Pope Leo Says Sorry For The Catholic Church’s Past Part In Slavery
Pope Leo says sorry for the Church’s history of slavery and acknowledges that condemnation and institutional engagement around the world took hundreds of years to happen.
Monday, Pope Leo said the clearest apology from a pope yet for the Catholic Church’s historical part in slavery. He admitted that the church had both delayed condemning the practice and helped make it seem normal.
In a big part of his first pope encyclical, Leo said that it took the Church hundreds of years to fully understand that “the scourge of slavery” was incompatible with human dignity. He called this a “wound in Christian memory.”
“For this, I sincerely ask for forgiveness in the name of the Church,” he wrote, expressing “deep sorrow” for the pain slaves were going through.
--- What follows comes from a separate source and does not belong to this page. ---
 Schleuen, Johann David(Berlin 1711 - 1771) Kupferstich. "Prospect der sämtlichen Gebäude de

In response to rulers, Leo said, Church leaders had sometimes regulated and approved of forms of oppression, such as making non-Christians slaves.
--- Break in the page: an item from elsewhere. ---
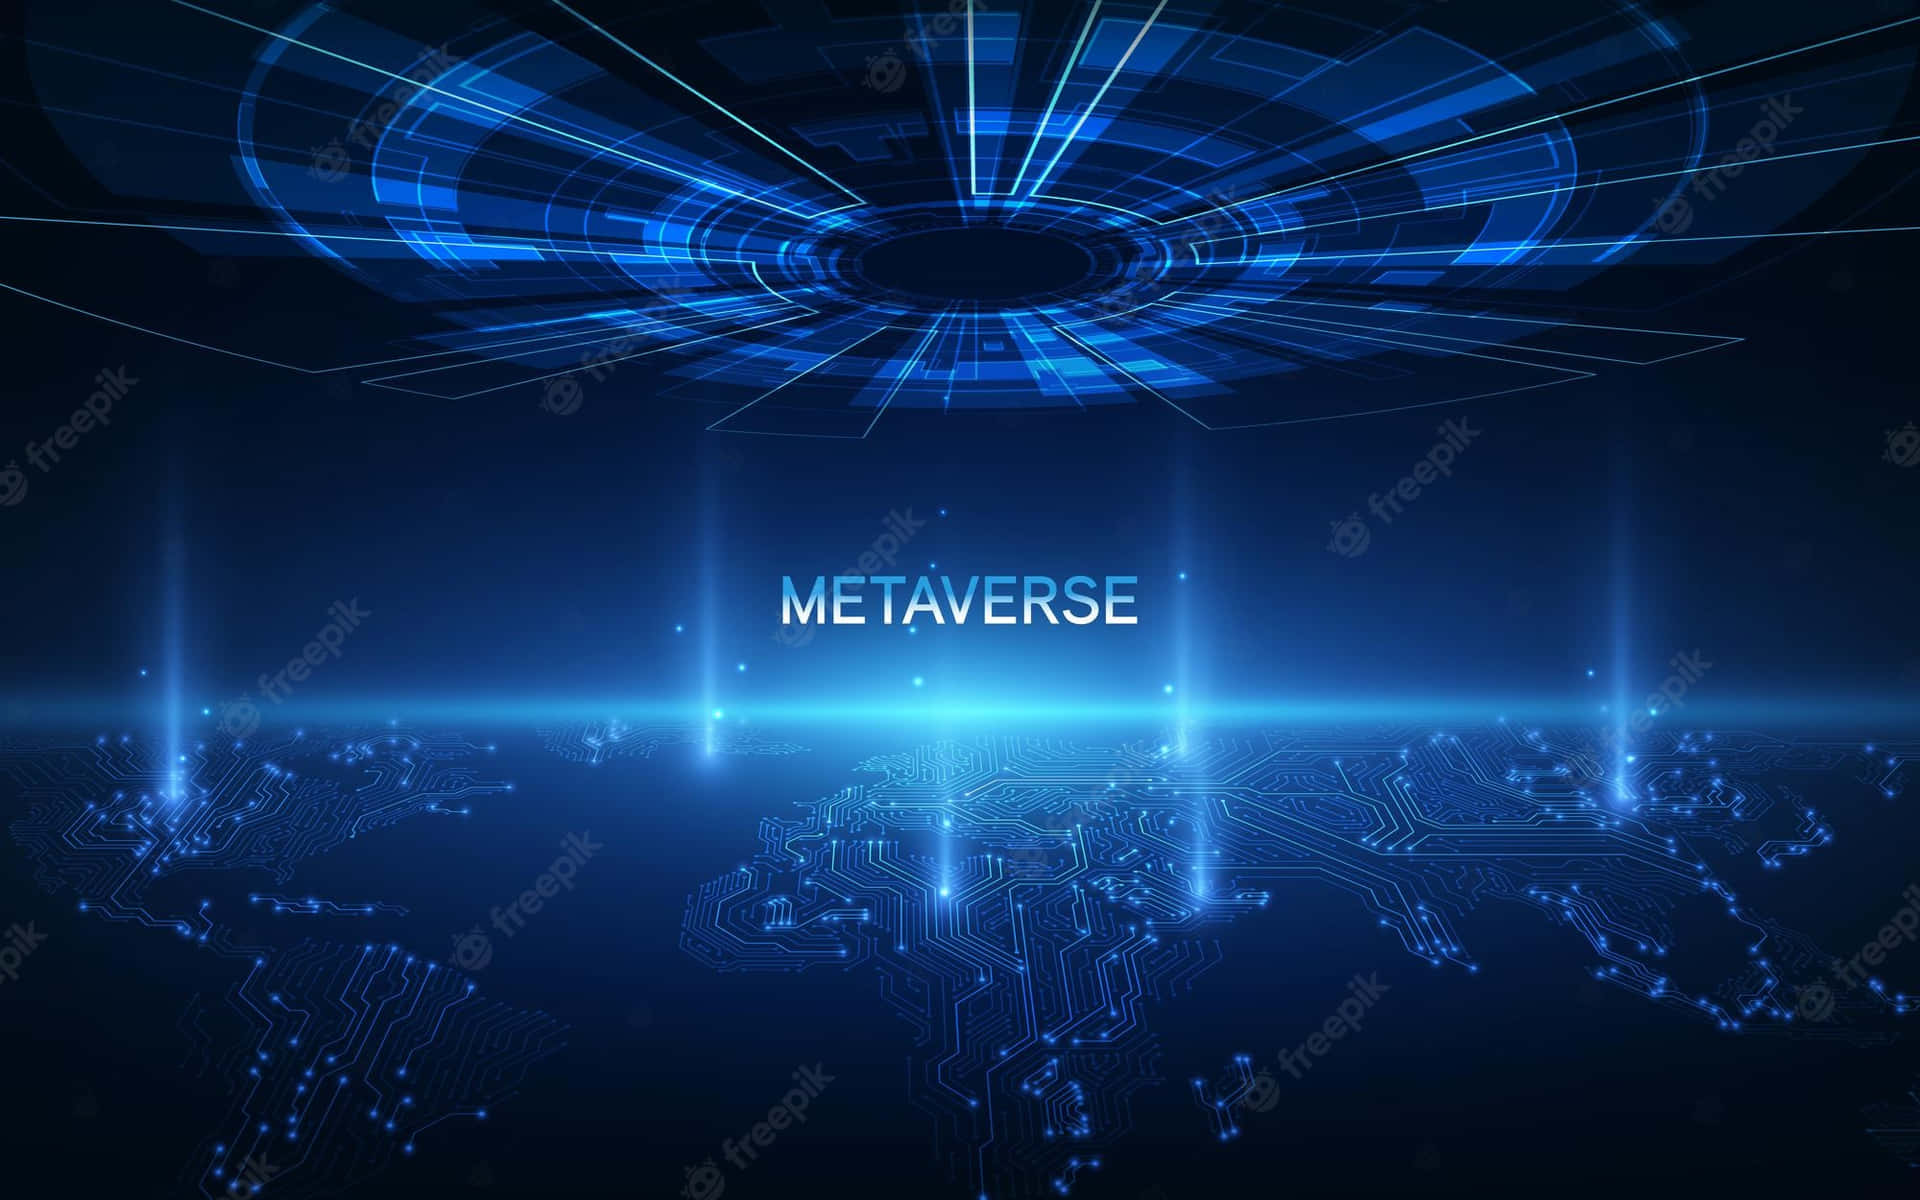 这张图片展示了一个以“METAVERSE”为中心的数字化主题图形，蓝色调，具有高科技感，呈现出虚拟现实或数字宇宙的概念。

He also said that during the Middle Ages, religious groups did own slaves.
The pope said that the Church didn’t “formally, absolutely, and universally condemn” slavery until Pope Leo XIII’s time in the 19th century. This was after what he called a long period of Church teaching and practice being inconsistent.
These comments are the most direct admission by the pope yet of institutional responsibility. They go beyond earlier statements that mostly focused on the actions of individual Christians instead of the Vatican itself.
When Pope John Paul II went to Africa in 1985, he asked the people there to forgive him for the pain caused by the slave trade by “men from Christian nations.”
Pope Francis, who came before Leo, spoke out against modern slavery and officially rejected papal papers from the 15th century that were used by colonial powers to excuse actions like slavery.
But the comments that came before didn’t go into detail about the role of the papacy.
Leo said this in his first encyclical, Magnifica Humanitas, which talks about the moral problems that AI causes and warns against new ways that the global economy can be used to take advantage of people.
Genealogical study that came out after Leo was elected last year showed that the first pope born in the US had ancestors who were both slaves and slave owners.